To test that it works you will need to use HTTPIE, CURL or a Rest console.

Delete is incredibly easy (don’t forget to use Sensio\Bundle\FrameworkExtraBundle\Configuration\ParamConverter;):

/** * Deletes an Author entity. * @ParamConverter("author", class="GoodReadingsAuthorsBundle:Author") */ public function deleteAction(Author $author) { $em = $this->getDoctrine()->getManager(); $em->remove($author); $em->flush(); return new Response("Deleted."); }

And finally, edit is a bastardized version of create, which I think given the examples above, you can figure out for yourself!

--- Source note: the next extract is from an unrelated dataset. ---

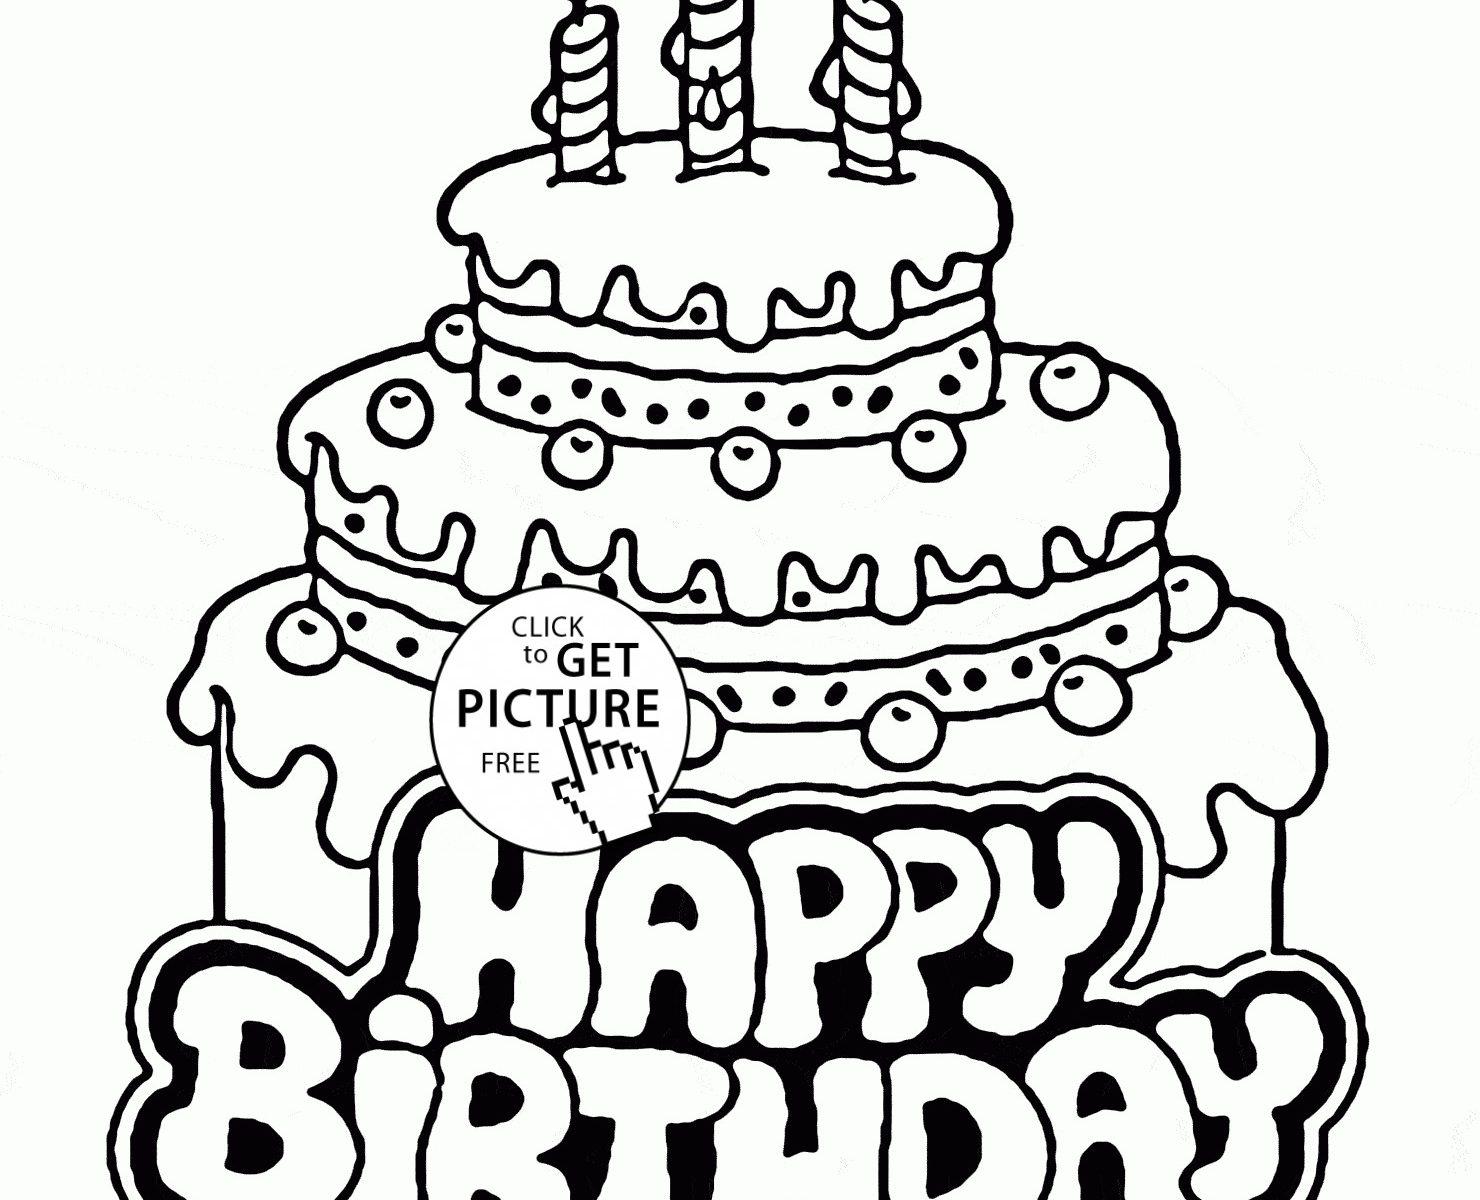 1480x1200 Free Birthdayakeoloring Pages To Print Page Printableolouring
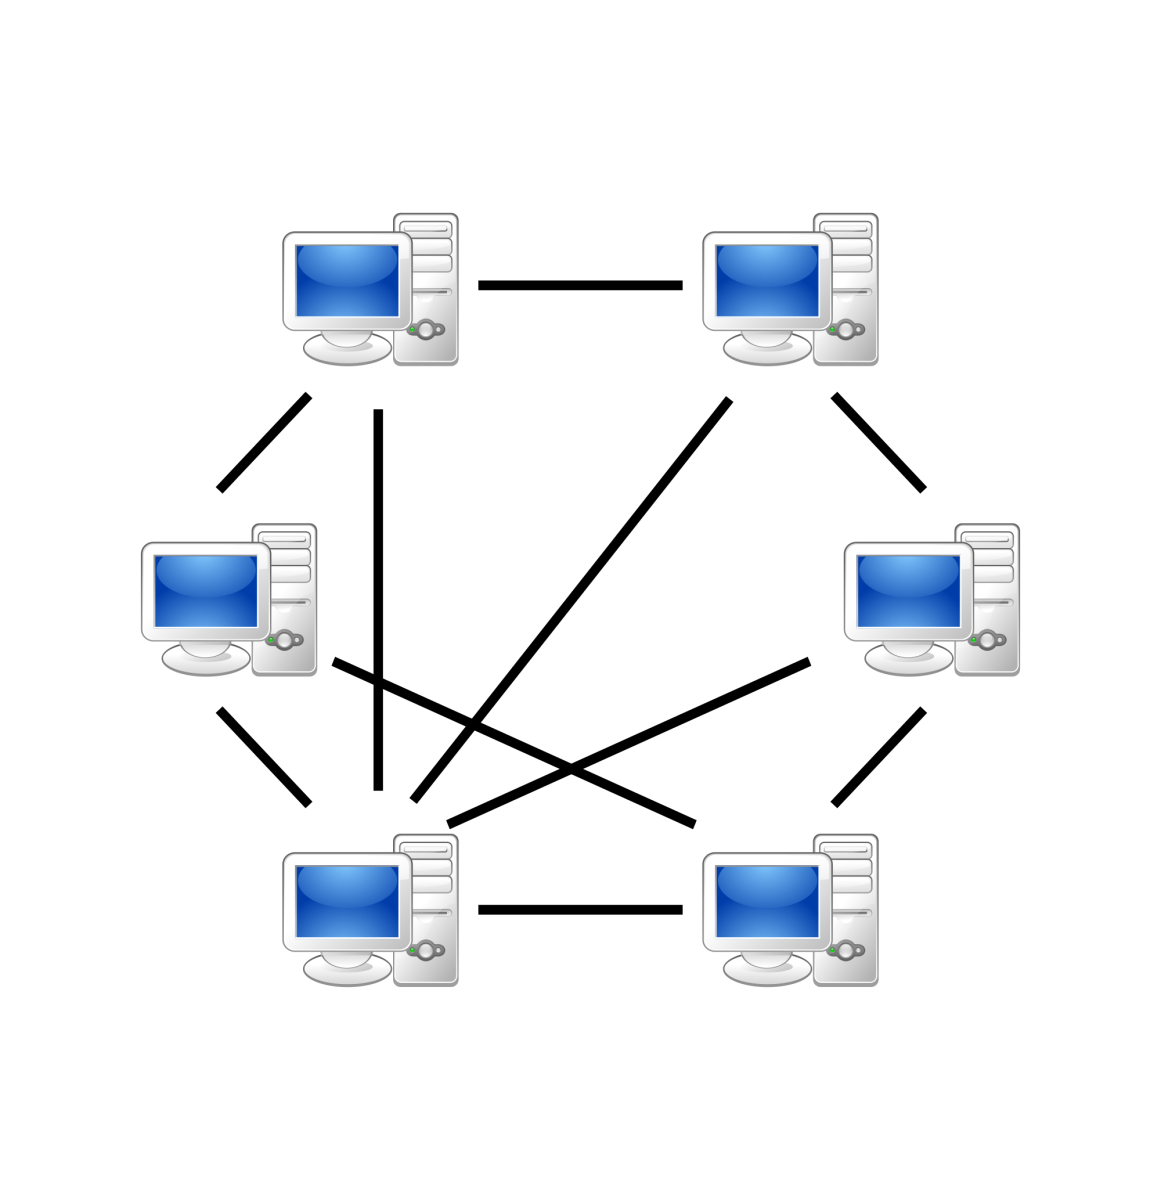 P2P Network Model

Hint: use both Author and Request as parameters, find the Author you need to update, update the properties of the author based on the json data from the request and then persist it to the database. Finally, return the Author object in the Response.

Once you do all that, you will have a RESTful web service that was made with the Symfony2 framework. Too easy!